▶ _TRY IT_
Without including any pictures, write out the listing below exactly.

─── DATA BLOCK

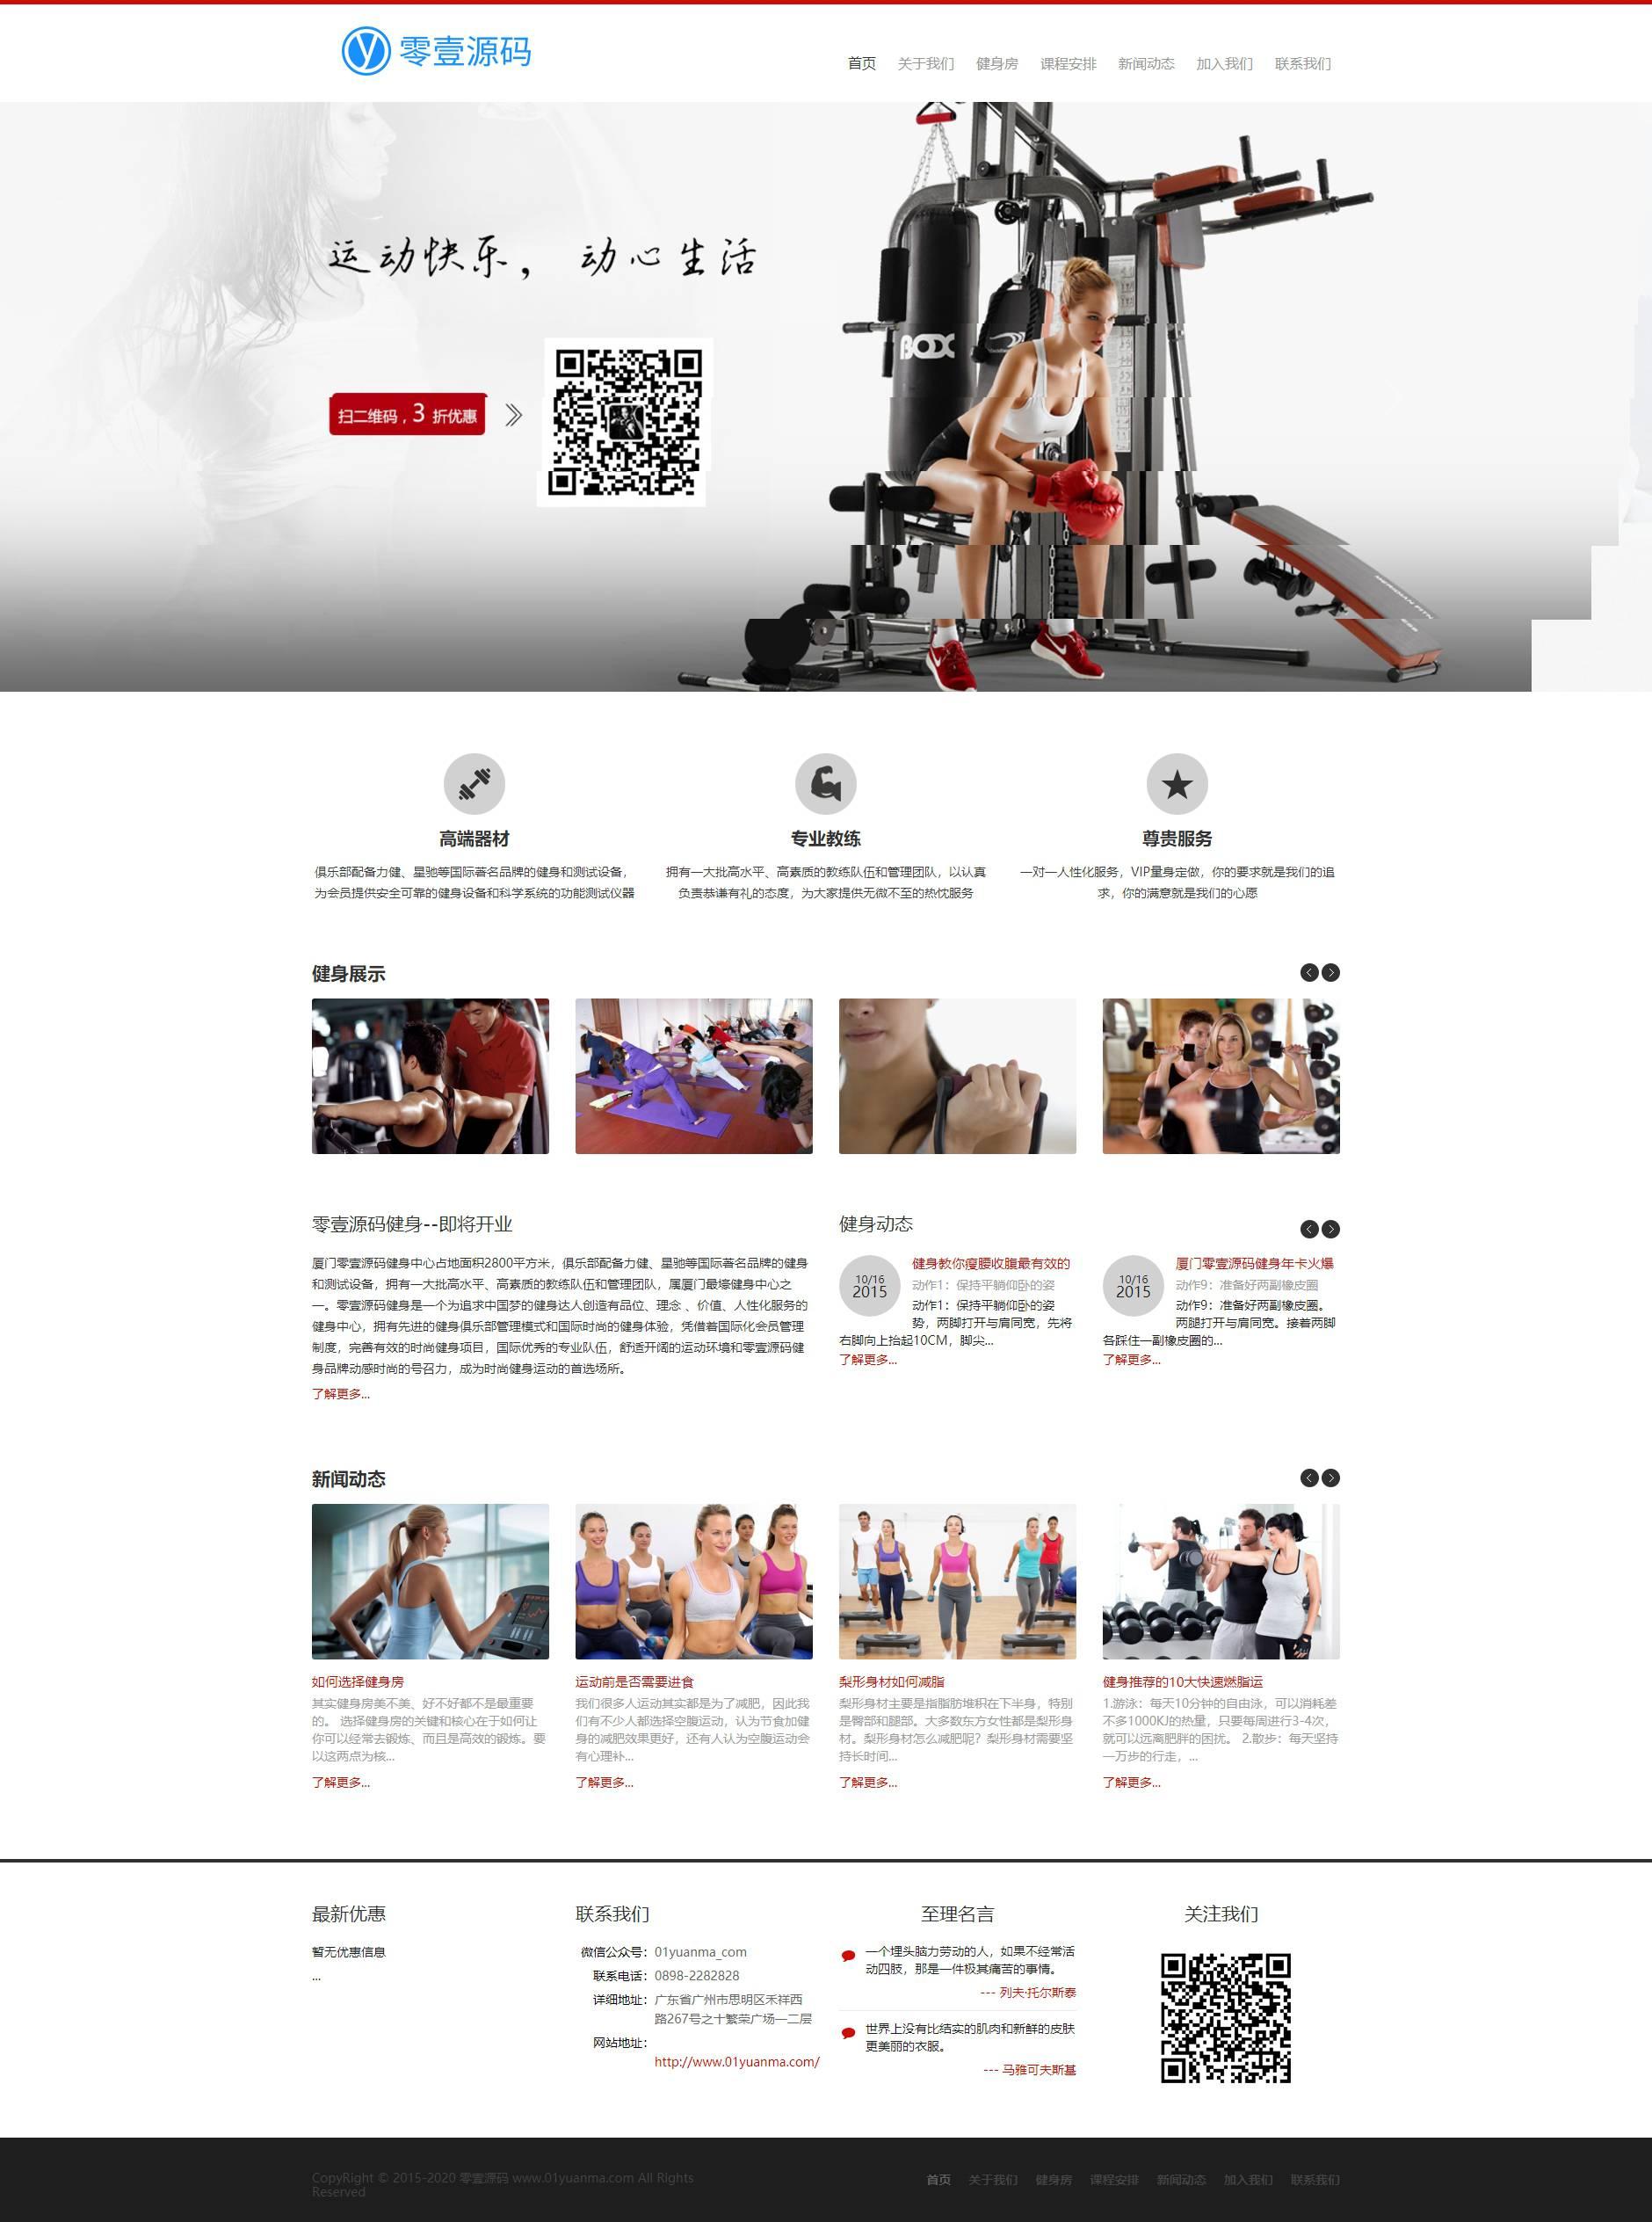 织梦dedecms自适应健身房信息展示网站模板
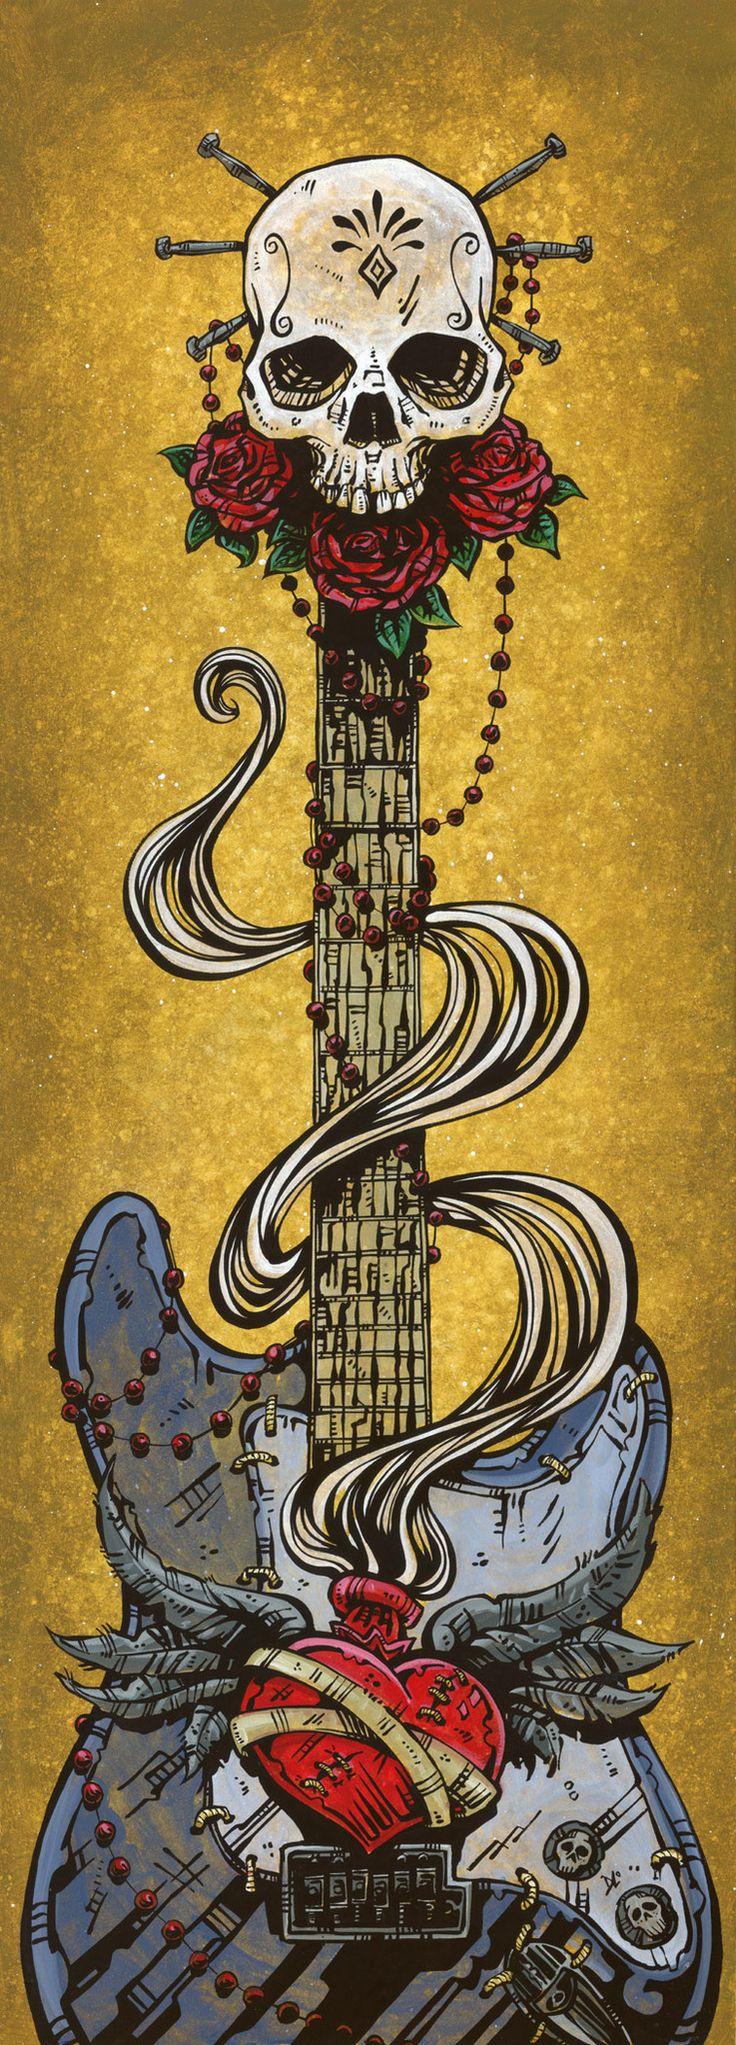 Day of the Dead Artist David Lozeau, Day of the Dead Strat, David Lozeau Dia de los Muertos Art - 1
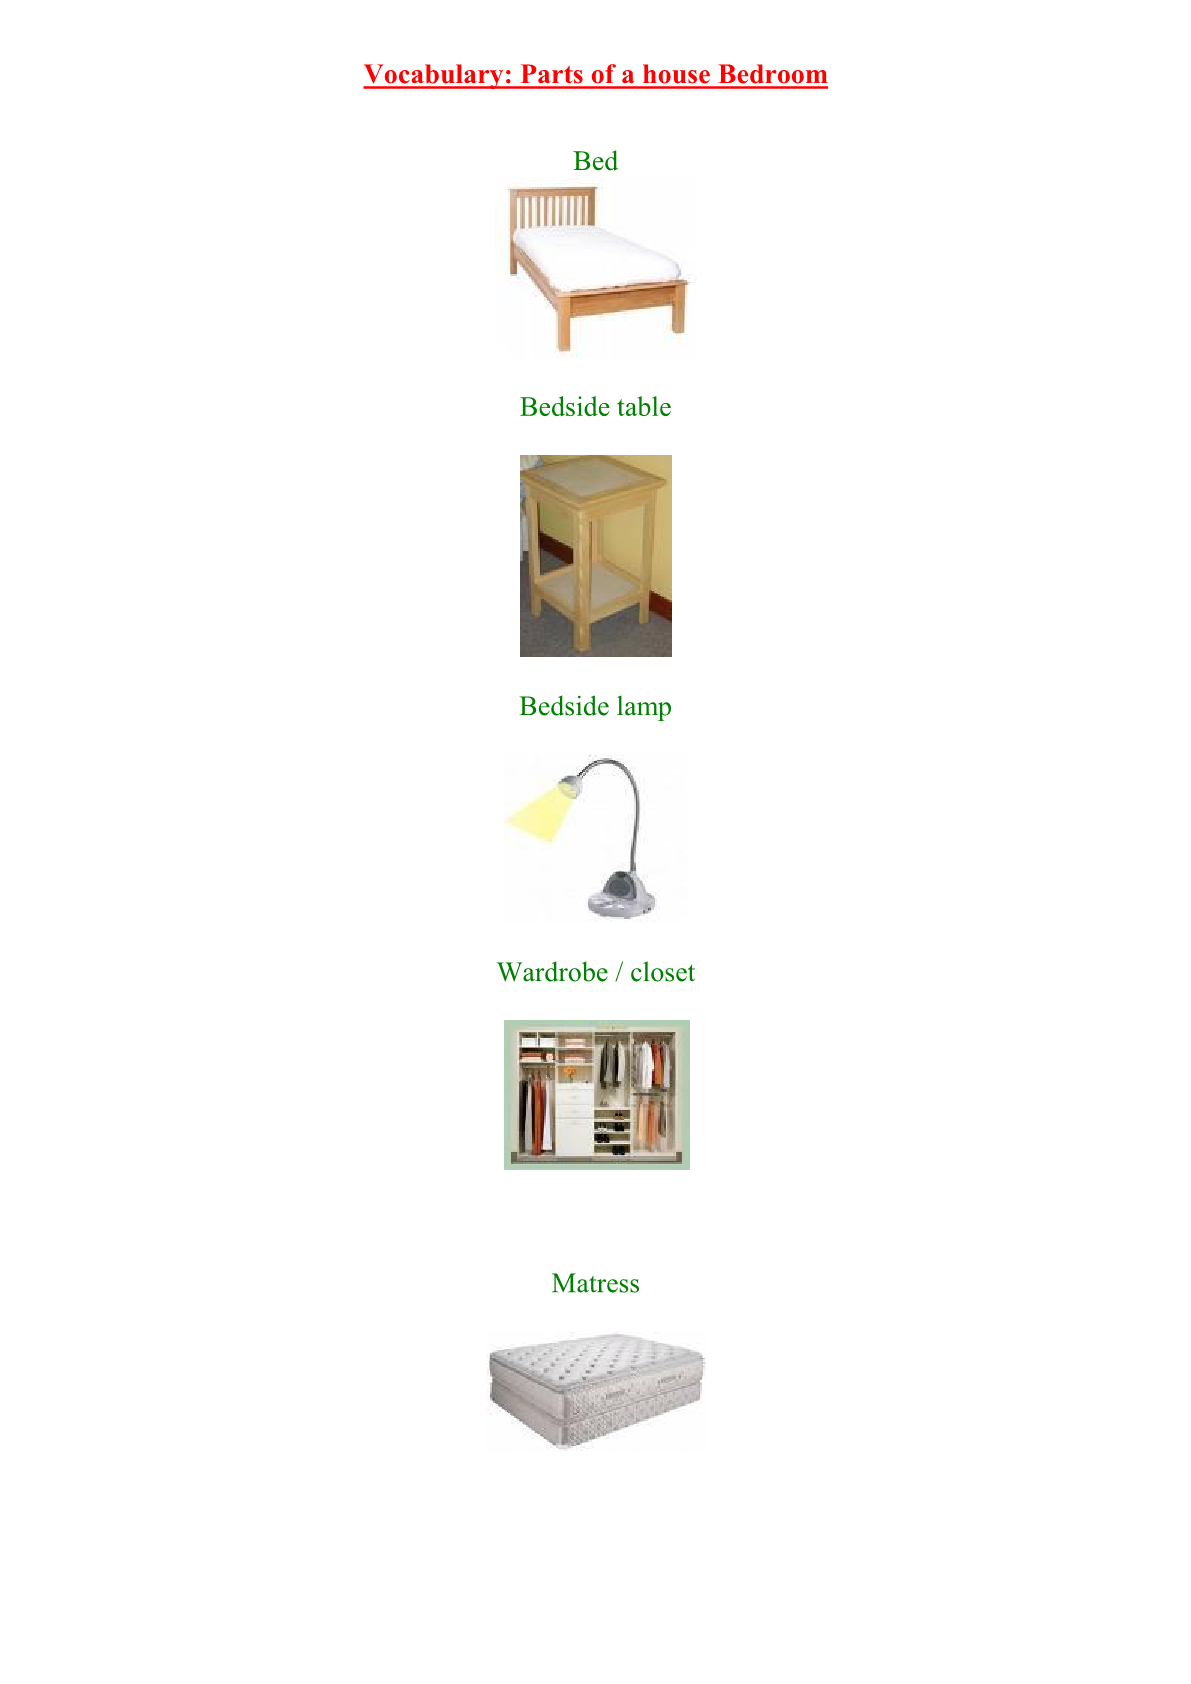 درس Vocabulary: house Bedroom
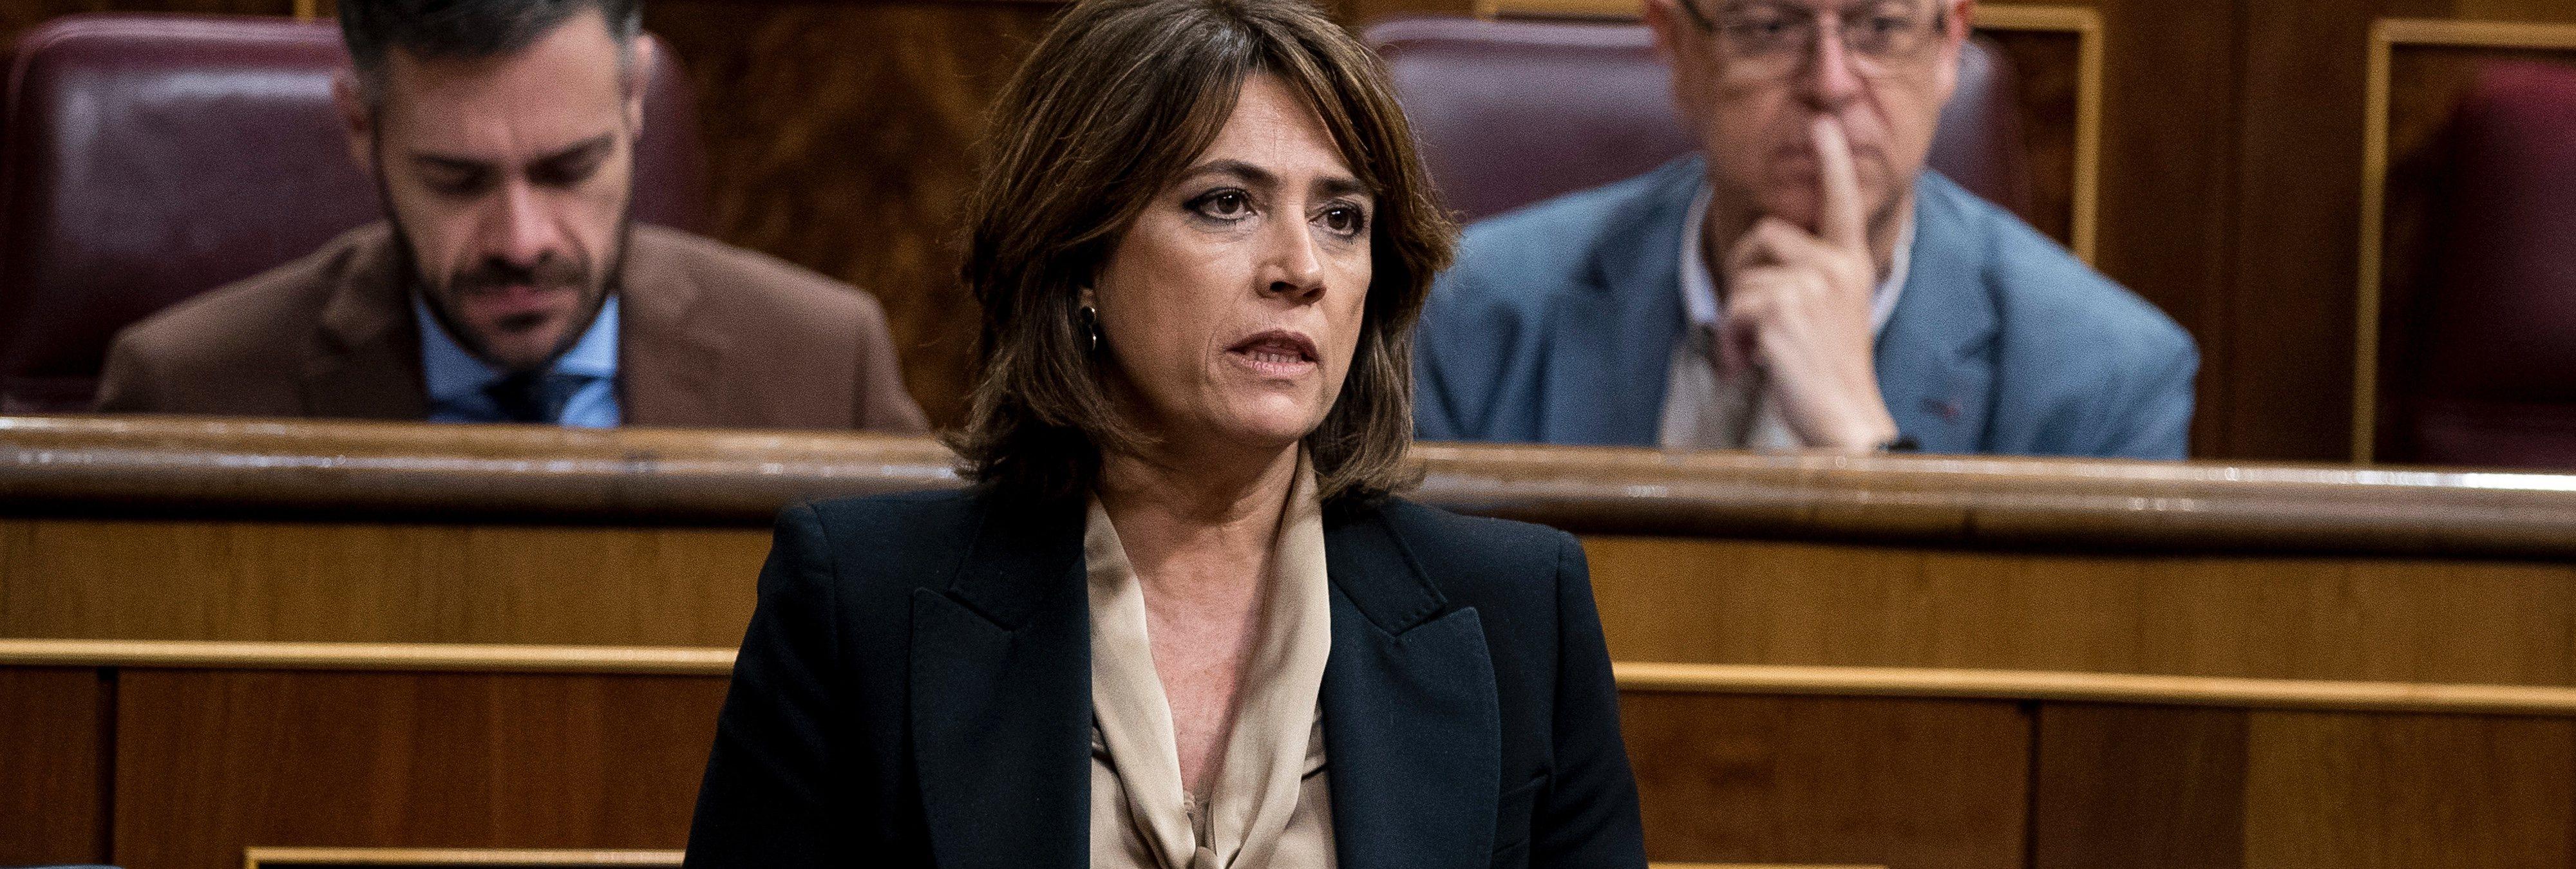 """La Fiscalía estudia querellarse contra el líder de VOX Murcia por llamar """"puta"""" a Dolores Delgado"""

──────

▶ _EXERCISE RESPONSE_
 织梦dedecms自适应健身房信息展示网站模板
 Day of the Dead Artist David Lozeau, Day of the Dead Strat, David Lozeau Dia de los Muertos Art - 1
 درس Vocabulary: house Bedroom
 """La Fiscalía estudia querellarse contra el líder de VOX Murcia por llamar """"puta"""" a Dolores Delgado"""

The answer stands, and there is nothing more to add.